• **Assignment**
Please transcribe the data that follows exactly as given, leaving out every picture.

• **Data below**
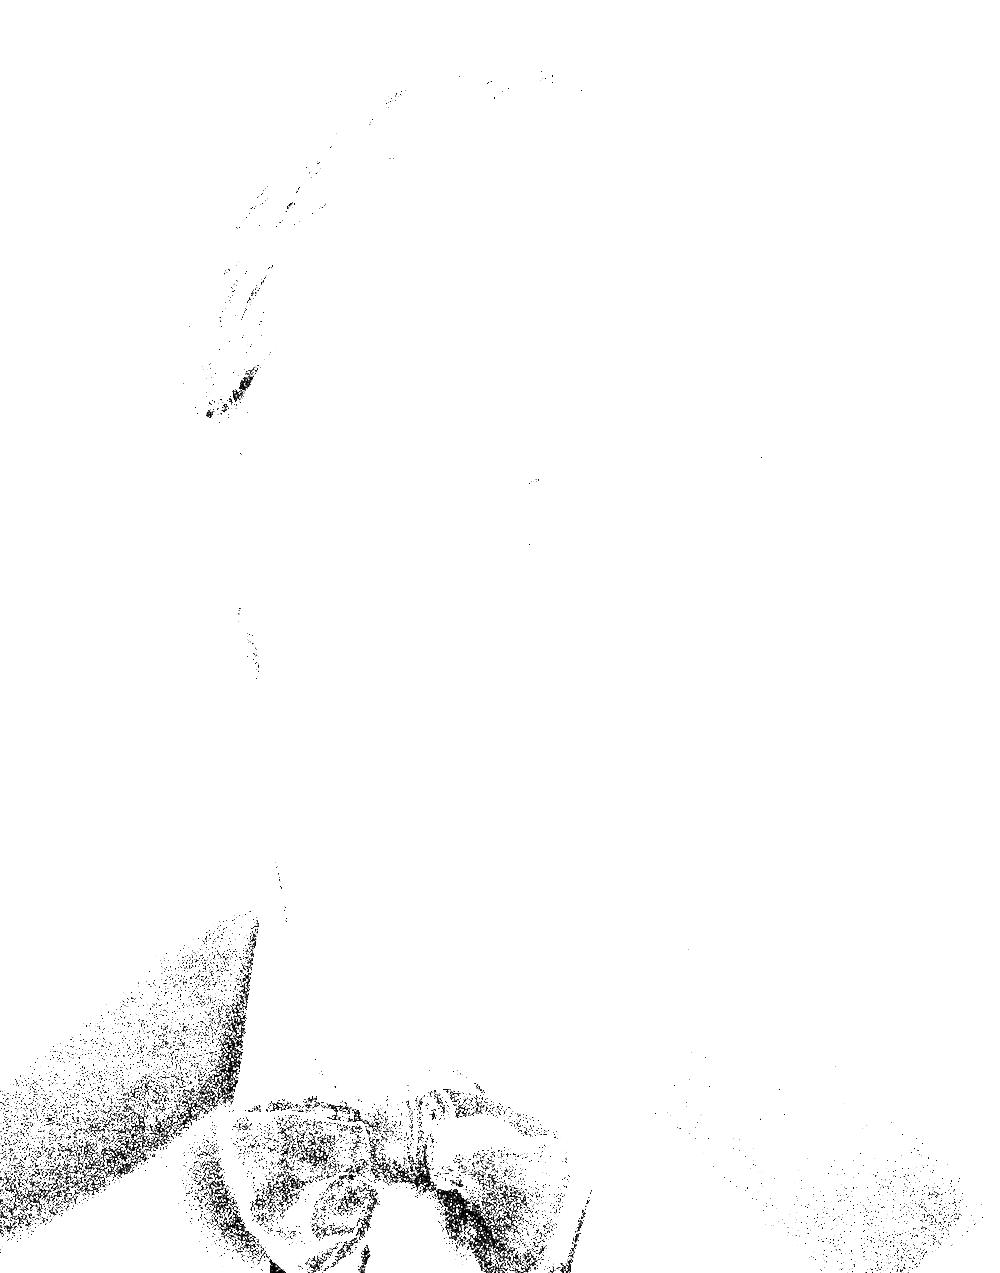 benny-4396.png
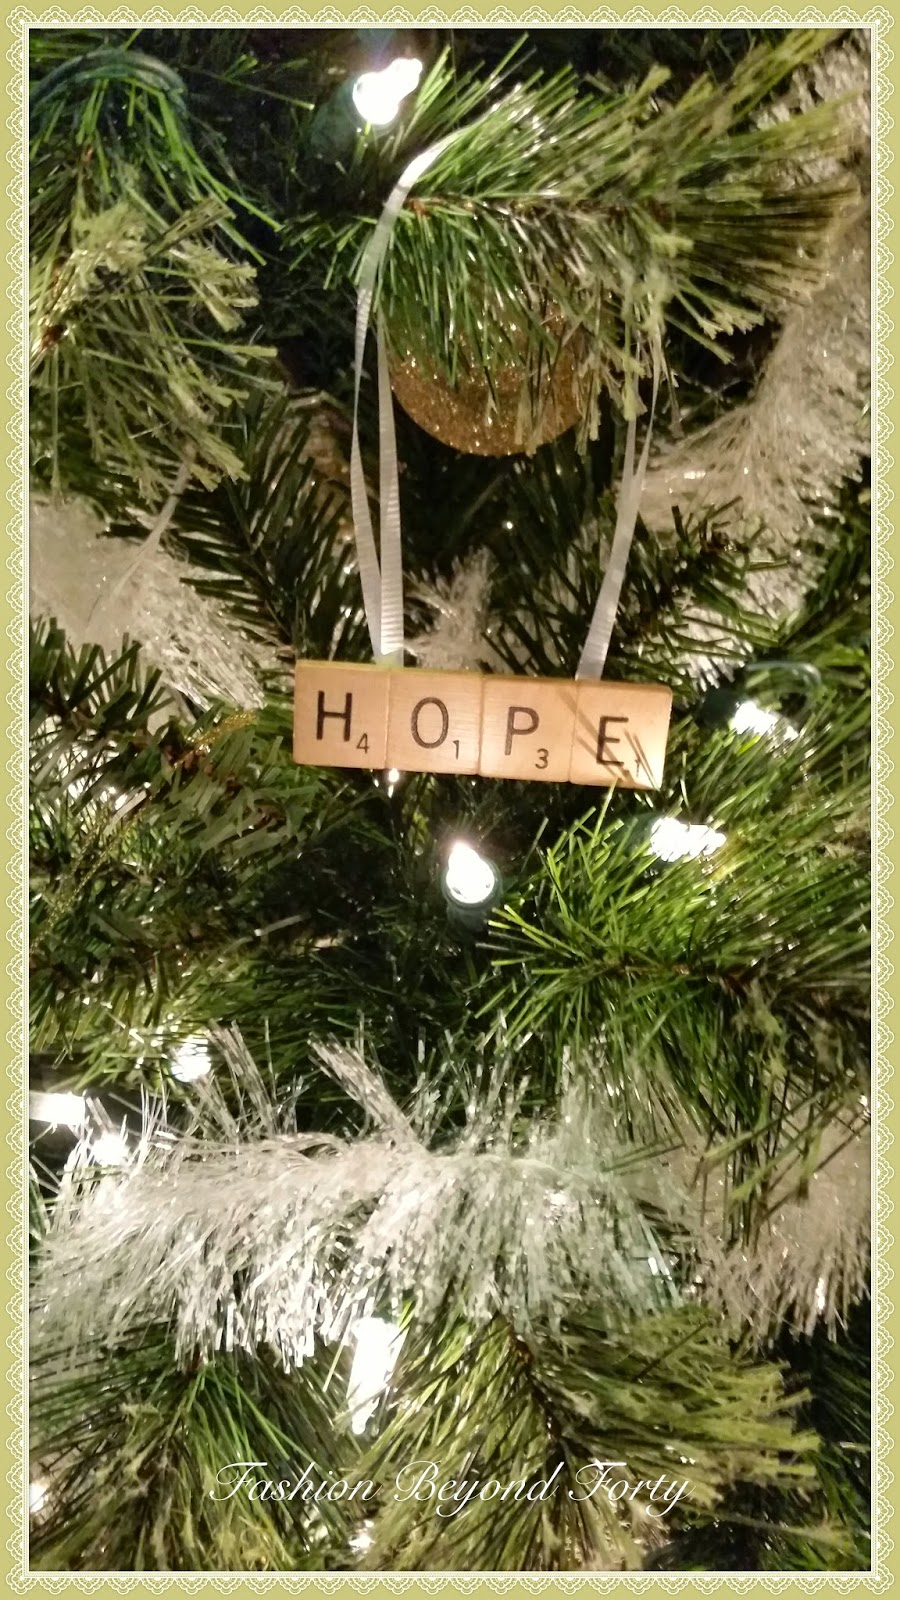 Season of Hope Fashion Beyond Forty
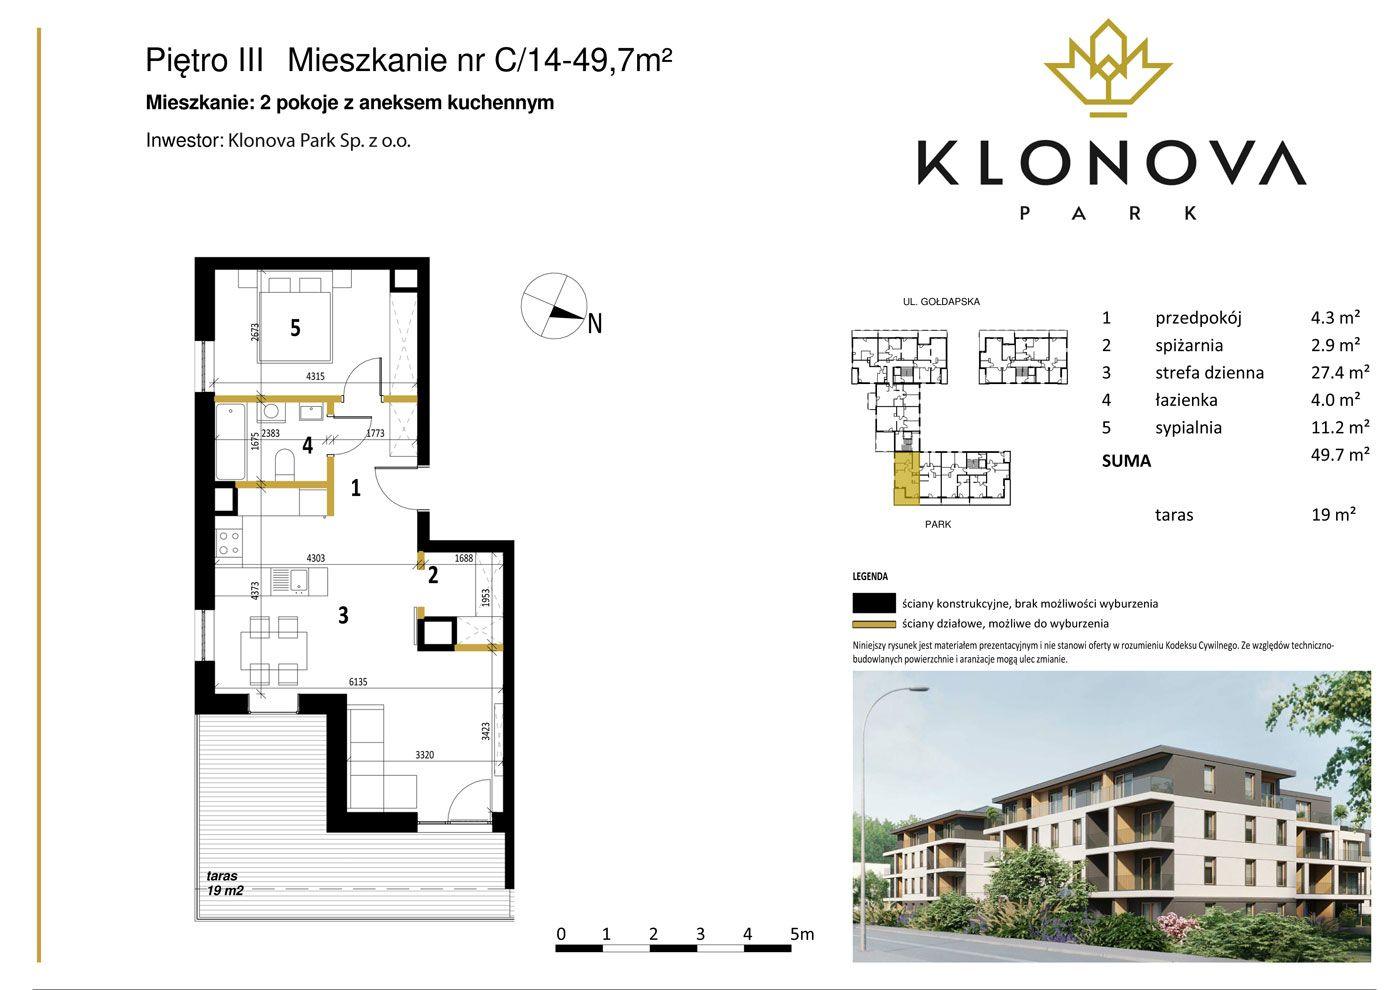 Apartamenty Klonova Park - Plan mieszkania C/14
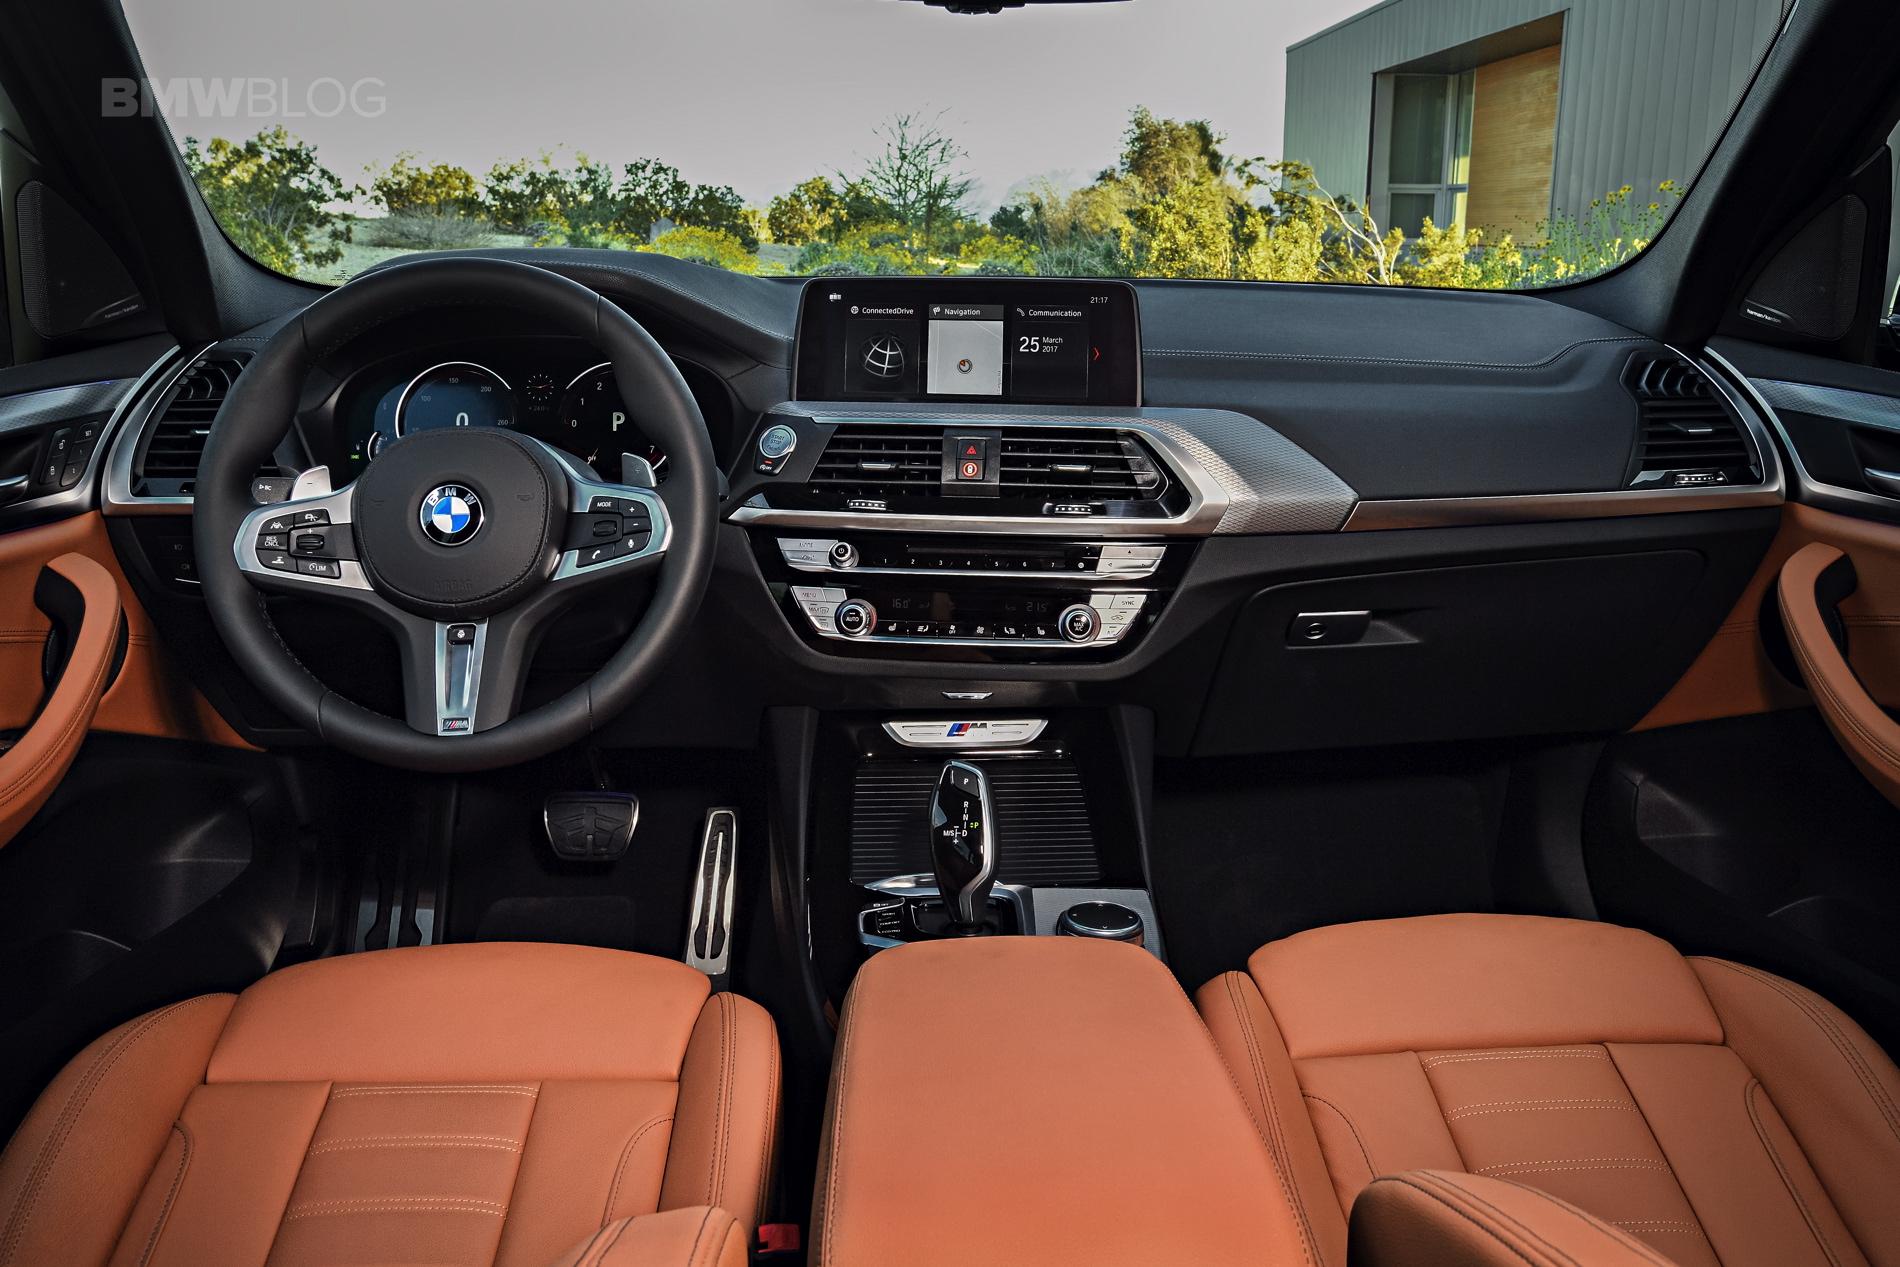 2018-BMW-X3-G01-23

• **Written reply**
 benny-4396.png
 Season of Hope Fashion Beyond Forty
 Apartamenty Klonova Park - Plan mieszkania C/14
 2018-BMW-X3-G01-23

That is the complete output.